Собаки – три таежные лайки – оказались выносливее людей: они выдохлись позже. Но тоже выдохлись. След уже не искали – просто понуро шли рядом с хозяином, проводником-эвенком Ефимкой, и, похоже, даже не глядели по сторонам. Ефимка изредка покрикивал на них, но больше для порядка. Он лучше прочих понимал: время упущено. А главное – дождь. Дождь надежно похоронил под собой следы беглецов. Когда погоня в третий раз – к реке, от реки и снова к реке – прошла одной  и той же дорогой, Ефимка остановился, сел на мокрый пень и невозмутимо сунул в рот трубку, в которой хлюпала вода. Две лайки тут же повалились животами в грязь, третья, самая крупная, по кличке Турка, дисциплинированно уселась у ног хозяина. Подошел Изместьев.
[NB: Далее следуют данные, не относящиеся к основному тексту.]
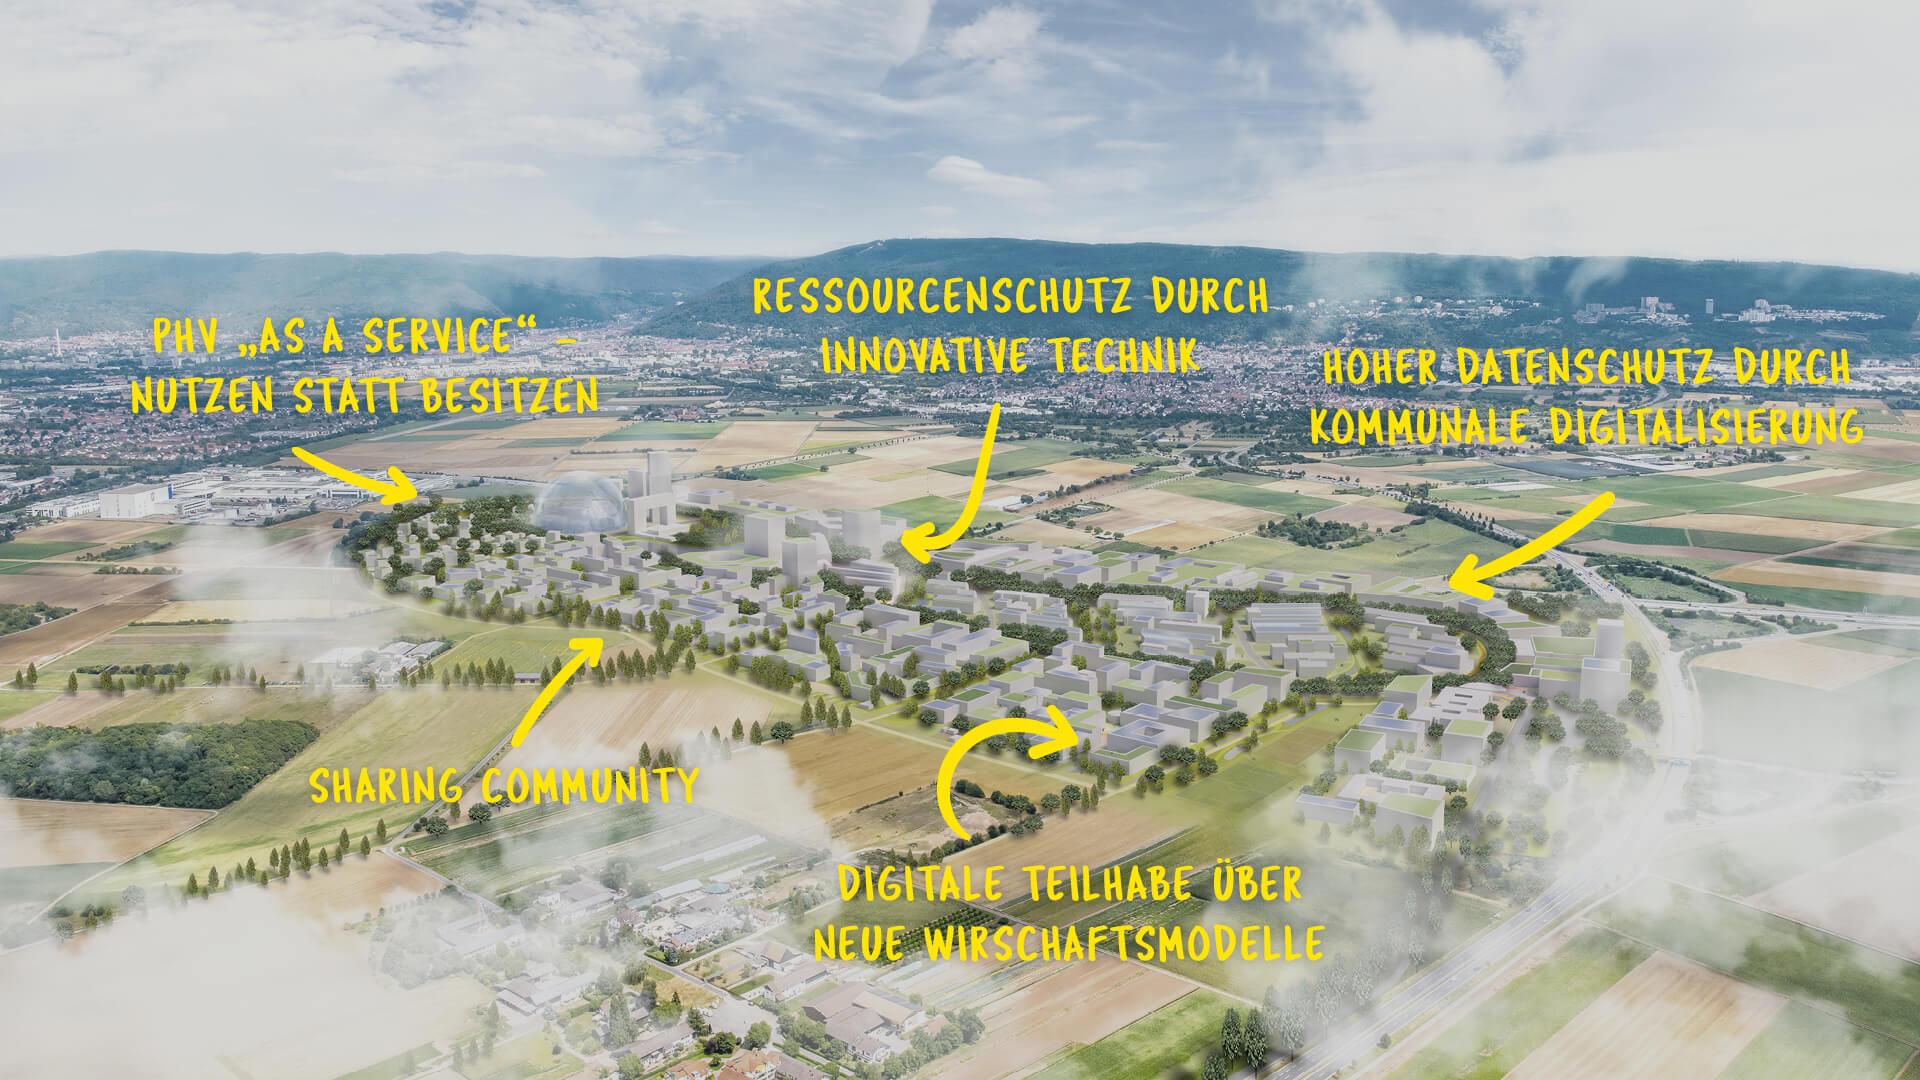 """Im PHV soll die europäische Variante einer digitalen """"Smart City"""" entstehen – und für Lebensqualität und Datenschutz zugleich sorgen. © KCAP"""

Турка поглядела на него умными глазами и, почудилось, пожала плечами.
- Что встал? – хрипло спросил Изместьев.
Ефимка пососал трубку и изрек:
- Их тут нет. Можно еще много дней ходить туда-сюда, их все равно не будет, - он сделал паузу. – Есть одно место, где не искали, но Ефимка туда не пойдет.
- Что за место? – капитан с трудом подавил желание как следует встряхнуть проводника. – Что же ты молчал, дурень?
- Плохое место, - пояснил эвенк. – Старая гарь, - И повторил: - Ефимка туда не пойдет. Дед не ходил. Отец не ходил. И мне строго запретил. Там живет Малка, дочь шамана. Ее убили много лет назад, и теперь ее дух мстит людям. Если пойдешь – она загрызет и тебя, и твоих людей. А сына все равно не спасешь.
Изместьев медленно вынул из-под плаща пистолет. Взвел курок и нацелил дуло в лоб эвенка.
- Мы пойдем вместе, - сказал он ровным голосом. – Загрызет тебя шаманка, не загрызет – бабушка надвое сказала. А я – вот он, здесь. Считаю до пяти. Потом стреляю, не обессудь.
Турка у ног проводника глухо заворчала. Ефимка нагнулся, погрузил руку в мокрую шерсть, потрепал богатую опушку. И кивнул.
- Ладно. Только идти надо тихо. Может, Малка и не заметит.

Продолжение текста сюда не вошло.